Blaming Mum and Dad For Your Insomnia? You Could Actually!


Scientists have claimed that insomnia could actually be passed from one generation to the next.

American sleep experts have identified 13 different sleep traits which appear to have a genetic basis, meaning they could be inherited from previous generations.

According to Mirror, researchers from the UT Southwestern Medical Center wanted to discover whether sleep traits linked to bipolar disorder could be inherited.

“We were able to identify 13 sleep and activity measures, most of which are inherited, that correlated with whether an individual had bipolar disorder,” said Dr. Joseph Takahashi, Chairman of Neuroscience at UT Southwestern.

“In addition, we were able to trace some of these traits to a specific chromosome.”

A team of academics analysed the genetics of more than 500 people from 26 families in Costa Rica and Columbia. They found that family members who suffered from bipolar often shared sleep traits.

The team were able to tie 13 different sleep traits to specific chromosomes, indicating they could be passed down through families.

Sleep foundation writes, there are many medical conditions (some mild and others more serious) that can lead to insomnia. In some cases, a medical condition itself causes insomnia, while, in other cases, symptoms of the condition cause discomfort that can make it difficult for a person to sleep.

Examples of medical conditions that can cause insomnia are:

• Nasal/sinus allergies

• Gastrointestinal problems such as reflux

• Endocrine problems such as hyperthyroidism

• Arthritis

• Asthma

• Neurological conditions such as Parkinson’s disease

• Chronic pain

• Low back pain

Medications such as those taken for the common cold and nasal allergies, high blood pressure, heart disease, thyroid disease, birth control, asthma, and depression can also cause insomnia.

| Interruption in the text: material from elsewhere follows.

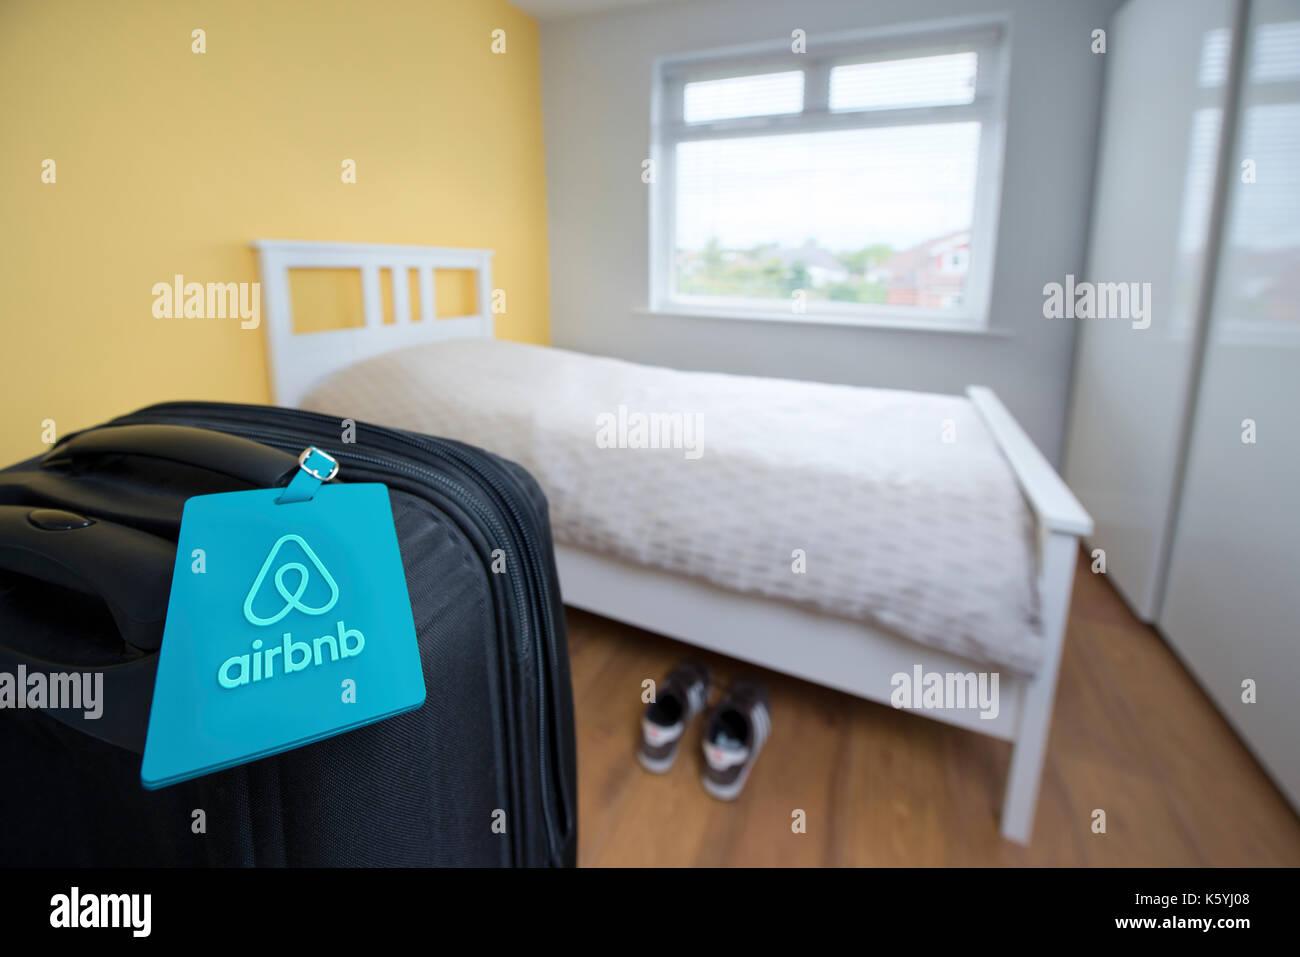 Eine Airbnb branded Kofferanhänger mit einem Koffer in einem Schlafzimmer zur Verfügung als Teil einer Stockbild

Going by science, in some cases, insomnia may be caused by certain neurotransmitters in the brain that are known to be involved with sleep and wakefulness.

There are many possible chemical interactions in the brain that could interfere with sleep and may explain why some people are biologically prone to insomnia and seem to struggle with sleep for many years without any identifiable cause—even when they follow healthy sleep advice.